Court Troubled by Own Inconsistent Precedent
As explained very recently by Director Kappos, the USPTO has a well established practice of applying a broadest reasonable claim interpretation (BRI) in proceedings before the USPTO. For this reason, Director Kappos explained that although the AIA was silent on the type of claim analysis to be applied in the new post grant proceedings of the Patent Trial & Appeal Board (PTAB), BRI was deemed necessary for, inter alia, administrative consistency.
Yesterday [Oct. 23rd], in Flo Healthcare Solutions, LLC. v. Kappos [enhanced version available to lexis.com subscribers], the CAFC advanced a similar consistency theory in questioning whether or not USPTO claim constructions should be reviewed under a de novo standard, as is the court's routine practice. Or, whether the USPTO's constructions should be entitled to a different, "reasonableness" analysis as enunciated in some of the court's more recent precedent. (decision here)
At issue in the reexamination appeal is the construction of the claim terminology "height adjustment mechanism" as it applies to a mechanical assembly used in medical workstations. During the inter partes patent reexamination the patentee took the position that the language invoked 35 U.S.C. § 112, 6th paragraph (i.e., means plus function) and required certain specific structure of the specification, namely a length adjustable vertical beam; the examiner disagreed. On appeal to the Board, it was determined that while the claims did invoke the statute, the critical structure of the specification argued by the patentee was not clearly linked to the language "height adjustment mechanism." The Board's affirmance of the examiner was then appealed to the CAFC.
In reviewing the issue, the CAFC affirmed the Board, but, on different grounds. Specifically, the Court pointed out that as the claims did not recite "means for" they did not enjoy the presumption that 35 U.S.C. § 112, 6th paragraph applied. In fact, the Court explained that the lack of these words presents the contrary assumption that is difficult to overcome. Moreover, the Court explained that the language "height adjustment vertical beam" itself implied structure. In support of this conclusion the Court explained that the specification itself used the term to designate an entire class of structures.
While one might argue that the designation of a "class of structures" is the entire purpose behind means-plus-function language, here, the court's point was that the label "height adjustment mechanism" was used in the specification as a term of art, not as a short hand claim notation as is the case for 112, 6th language.
The decision is rather unremarkable in its holding, yet, the "additional view" opinions of Judges Plager and Newman emphasize a growing frustration in the precedent relative to the level of deference to be accorded USPTO claim constructions.
Judge Plager invited en banc review of the issues, explaining that the precedent presented confusing guidance as to whether the Court's review should be deferential to the USPTO's BRI determination (abuse of discretion standard), or whether de novo review was more appropriate.
Judge Newman advocated for the later, stating:
The "broadest reasonable interpretation" applies to the initial consideration of patentability, not to the final decision. . . .

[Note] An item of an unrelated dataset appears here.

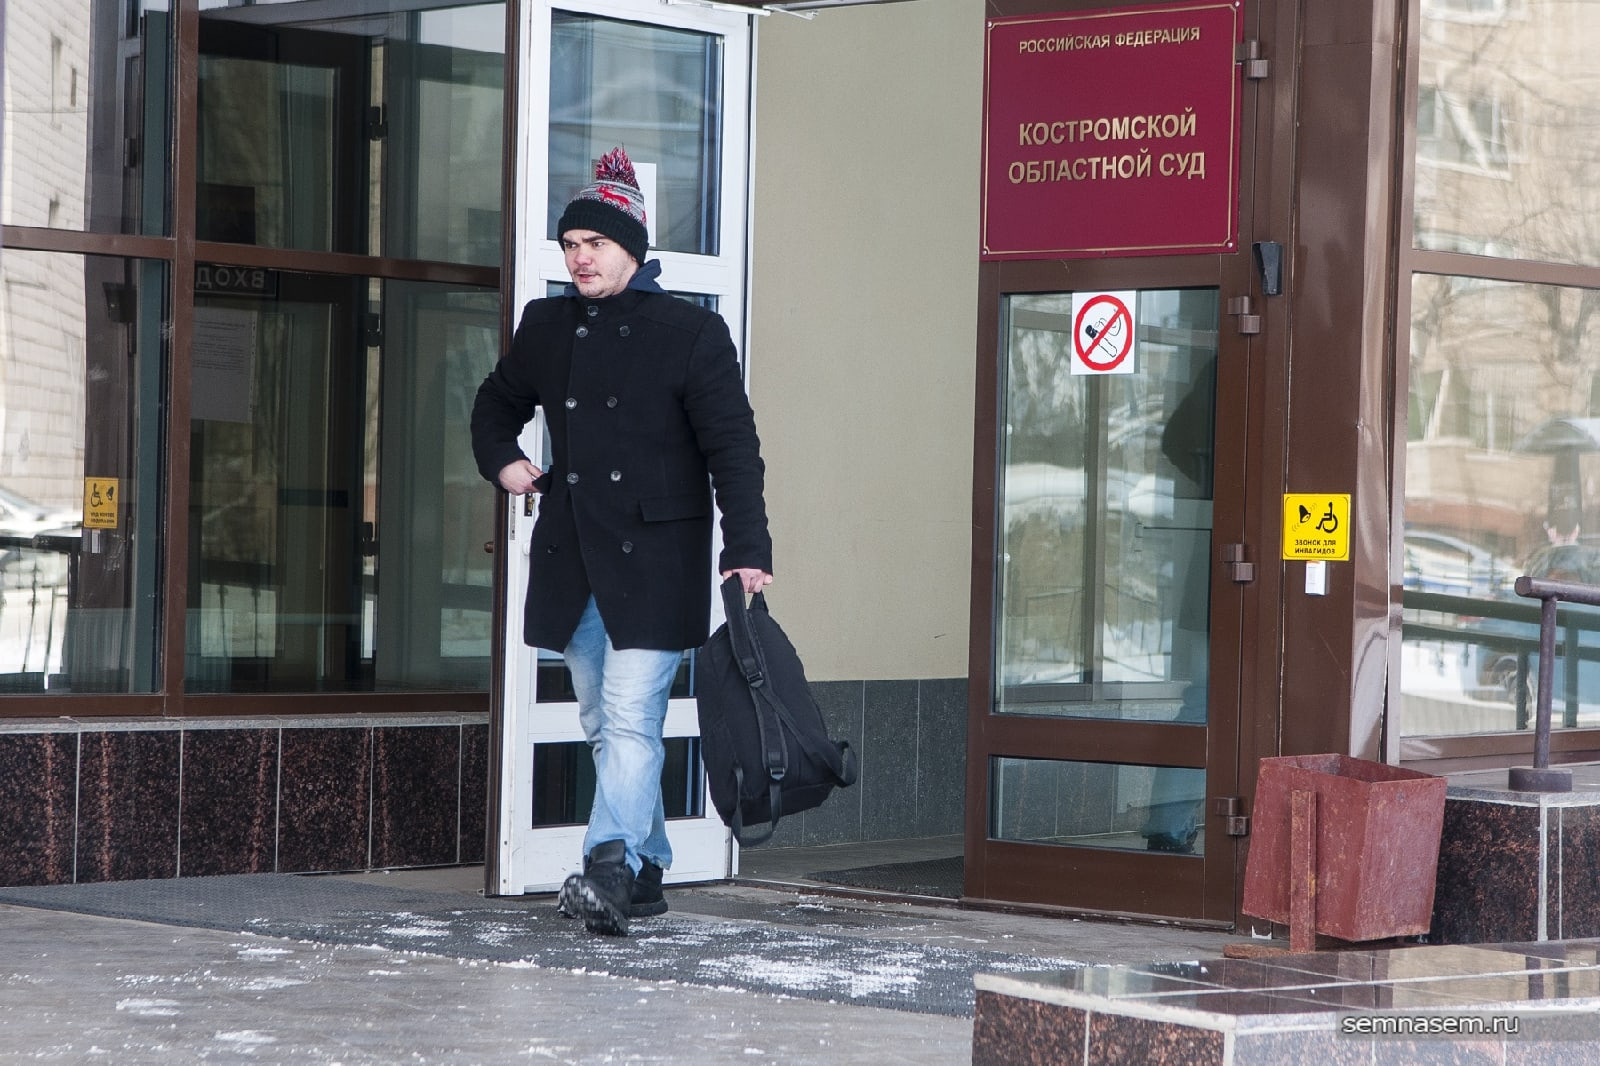 Активист из Костромы рассказал о практике местной полиции платить за информацию об оппозиции

Although the internal procedures of administrative and litigating tribunals are historically different, for questions of law the decision must be correct. For Federal Circuit review of patentability the criterion is correctness, whether initially decided in the district courts, the Patent and Trademark Office, the International Trade Commission, or the Court of Federal Claims. . . . .These procedures have become beclouded, as in In re Morris, 127 F.3d 1048 (Fed. Cir. 1997) [enhanced version available to lexis.com subscribers], where this court stated the question as whether the PTO's interpretation of disputed claim language was "reasonable." Id. at 1055. Still, this court decided whether Morris was entitled to the requested claim scope as a matter of objective law, on de novo review of the PTO's decision.
The same rules apply on review of reexamination as on initial examination, as the PTO observed with respect to the Flo Healthcare claims herein. . . .
In the reexamination appeal now before us, the PTO states in its brief that "During reexamination - as in ex parte prosecution - claims are given their broadest reasonable interpretation consistent with the specification . .." That is correct. However, the PTO then advises: "Thus, this Court reviews the USPTO's interpretation of disputed claim language to determine whether it is 'reasonable' in light of the specification." That is incorrect. It is incorrect to convert a search and examination expedient into a requirement of appellate deference.
With the vast majority of the new PTAB trial proceedings headed their way on appeal (as many as 200 per year once the current elevated filing rates subside), the CAFC is wise to invite resolution of this matter in the near term.